25. A computer program product in a computer readable medium for isolating failing hardware in the data processing system, the computer program product comprising:

first instructions, responsive to detecting a recovery attempt from an error, for storing an indication of the attempt; and

second instructions, responsive to the error occurring in the more than a threshold for a hardware component, for placing the hardware component in an unavailable state.

26. The computer program product of claim 25 further comprising:

third instructions for clearing the unavailable state of the hardware component in response to a hot-plug action replacing the hardware component.

27. The computer program product of claim 25, wherein the placing step comprises:

third instructions for making a call to a hardware interface layer to place the hard ware component into a permanent reset state.

28. The computer program product of claim 25, wherein the indication is stored in an error log.

29. The computer program product of claim 25 further comprising:

third instructions, responsive to a selected number of recovery attempts occurring, for recreating the error.
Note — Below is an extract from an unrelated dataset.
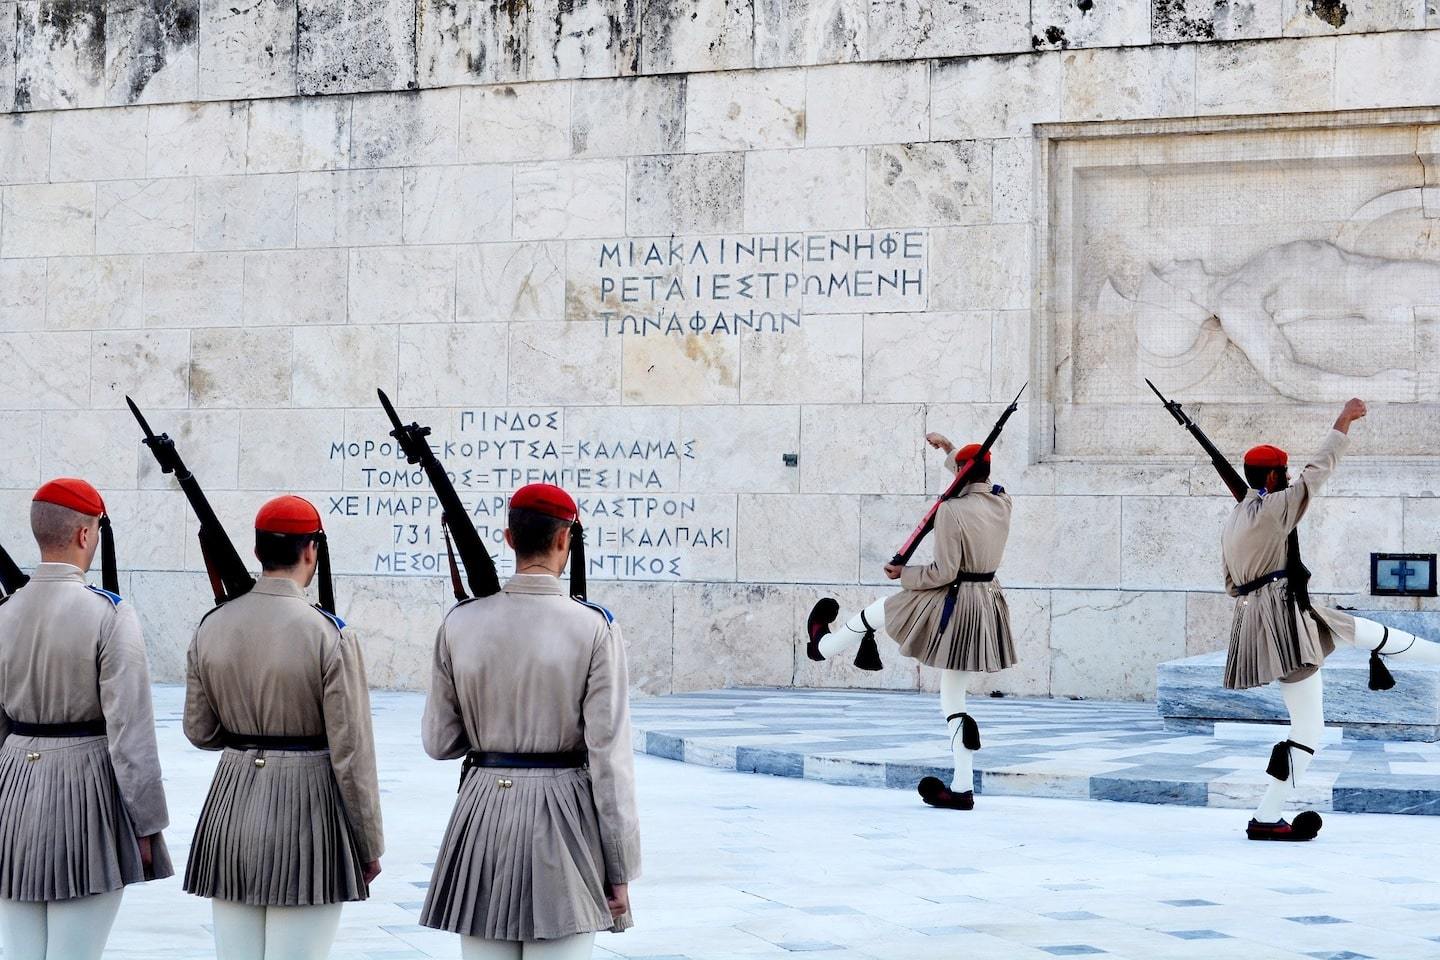 The changing of the guards outside of the Parliament building in Athens Greece

30. The computer program product of claim 25, wherein the error is an error caused by a PCI bus operation.

31. The computer program product of claim 25, wherein the detecting and placing steps occur in a firmware layer within the data processing system.

32. The computer program product of claim 25, wherein the detecting step occurs in a device driver and placing steps occurs in a firmware.

33. The computer program product of claim 25, wherein the threshold is the error successively a selected number of times.

34. A computer program product in a computer readable medium for handling errors, the computer program product comprising:

first instructions, responsive to an occurrence of an error, for determining whether the error is a recoverable error;

second instructions, responsive to a determination that the error is a recoverable error, for identifying slots on the bus indicating an error state;

third instructions for incrementing an error counter for each identified slot; and

fourth instructions, responsive to the error counter exceeding a threshold, for placing the slot into a permanently unavailable state.

35. The computer program product of claim 34 further comprising:

fifth instructions, responsive to the error counter failing to exceed the threshold, for placing the slot into an available state, wherein a device within the slot resumes functioning.